Let G(N) be the multiplicative group of units modulo N. The Carmichael
function lambda(N) is the exponent of this group; that is, the
smallest number e such that a^e = 1 (mod N) for all a in G(N).
A Carmichael number is defined as a composite number N for which
lambda(N) divides N-1.

If prime p|N, then it is true that for every b in G(N), b^(p-1) = 1
(mod p), and there exists at least one b such that p-1 is the minimum
positive exponent that works.
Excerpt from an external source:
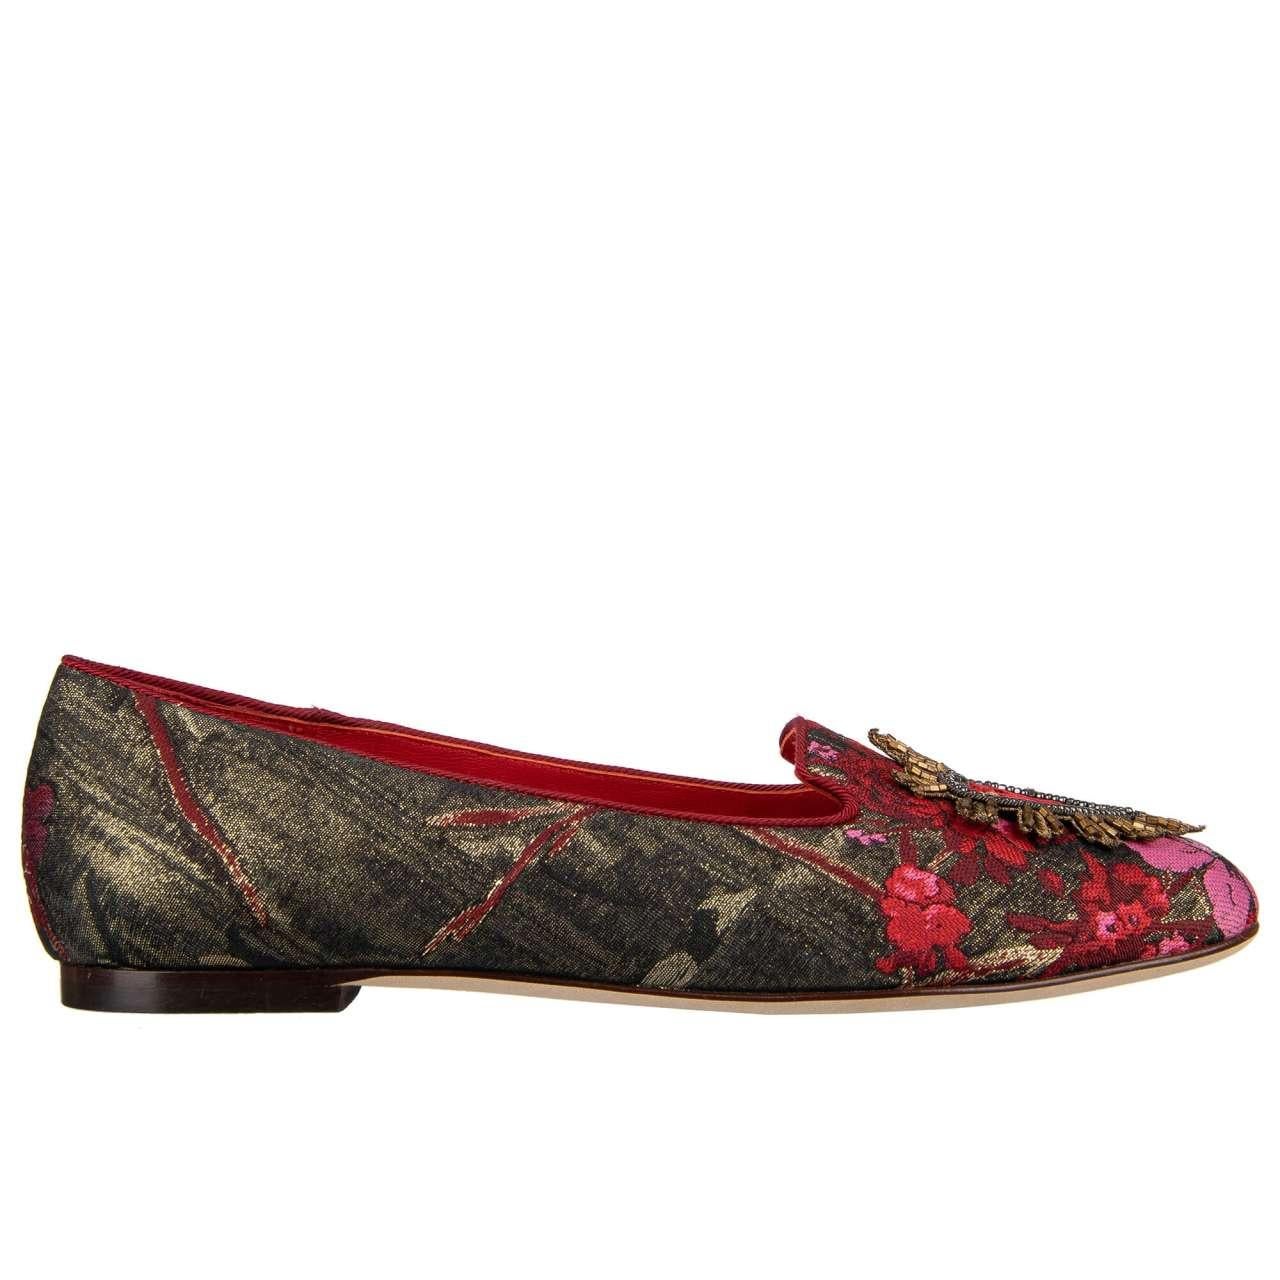 - Pointed Lurex Jacquard Ballet Flats AUDREY in gold-red with Sacred Heart and Logo embroidery by DOLCE & GABBANA - New with Box - MADE IN ITALY - Former RRP: EUR 649 - Embroidered Sacred Heart and Logo - Model: CP0051-B9L36-HGM62 - Material: Lurex,

Such b's are called primitive roots
modulo p, and there are phi(p-1) of them.  Then b^(p-1) = 1 (mod p),
and we are picking b to be a primitive root modulo p.  Now find a in
G(N) such that a = b (mod p) and a = 1 (mod N/p), which you can do by
using the Chinese Remainder Theorem.  (Note that GCD(p,N/p) = 1 since
N is squarefree.)  Then a is also a primitive root modulo p.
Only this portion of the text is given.